For purposes of sentencing, however, the crime of theft by receiving stolen property merged into the crime of theft by unlawful taking. Commonwealth v. Yancey, 301 Pa. Super. 427, 431, 447 A.2d 1041, 1043 (1982); Commonwealth v. Simmons, supra 233 Pa. Super. at 560-561, 336 A.2d at 631. See also: 18 Pa.C.S. § 3902. The imposition of separate sentences, therefore, was improper. See: Commonwealth v. Haines, 296 Pa. Super. 257, 442 A.2d 757 (1982); Commonwealth v. Yancey, supra; Commonwealth v. Brown, 290 Pa. Super. 448, 434 A.2d 838 (1981); Commonwealth v. Boerner, 281 Pa. Super. 505, 422 A.2d 583 (1980); Commonwealth v. Simmons, supra. The legality of the sentences imposed, even though not raised by petition to modify sentence, is not waived and may be raised for the first time on appeal. Commonwealth v. Walker, 468 Pa. 323, 330 n. 3, 362 A.2d 227, 230 n. 3 (1976); Commonwealth Page 82} v. Moore, 300 Pa. Super. 488, 493, 446 A.2d 960, 963 (1982).

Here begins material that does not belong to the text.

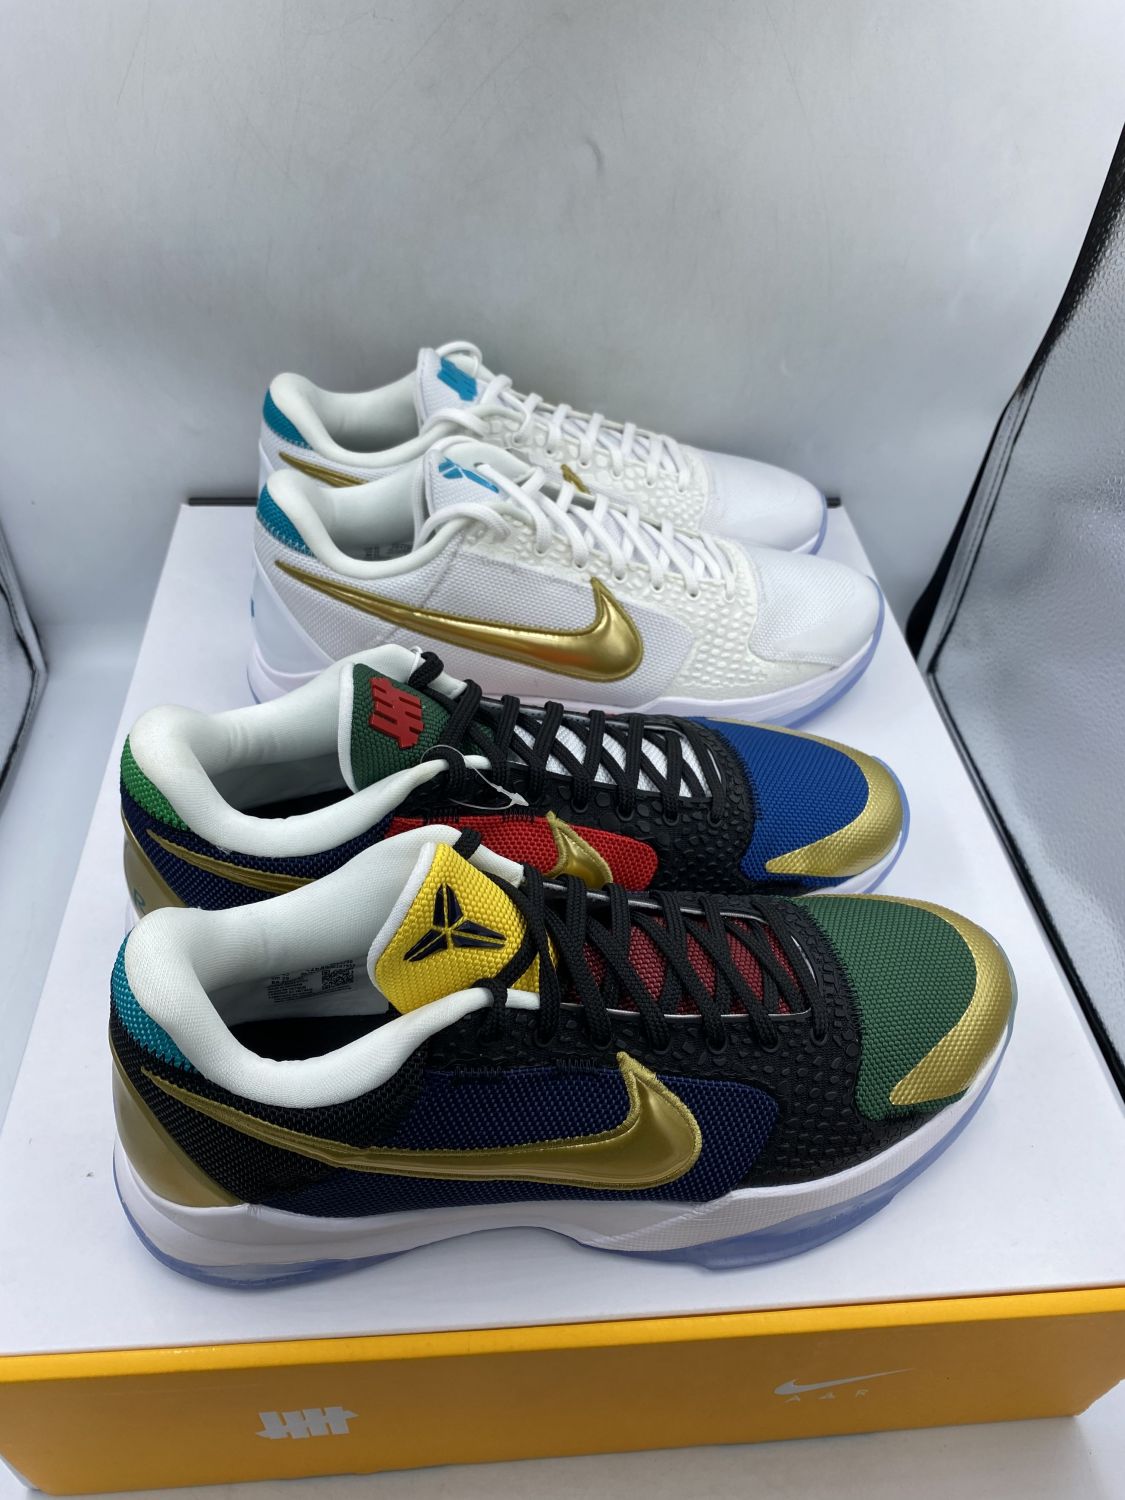 Nike Kobe 5 Protro Undefeated What If Pack | AfterMarket

We need not remand for resentencing. By imposing concurrent sentences the trial court indicated that it considered the sentence to be for one and the same criminal act. Thus, we are able to conclude that the sentence for theft by unlawful taking was not influenced by the sentence for theft by receiving stolen property. Consequently, we will vacate the sentence for receiving stolen property and affirm the judgment of sentence for theft by unlawful taking.

The judgment of sentence for theft by receiving stolen property is vacated. The judgment of sentence for theft by unlawful taking is affirmed.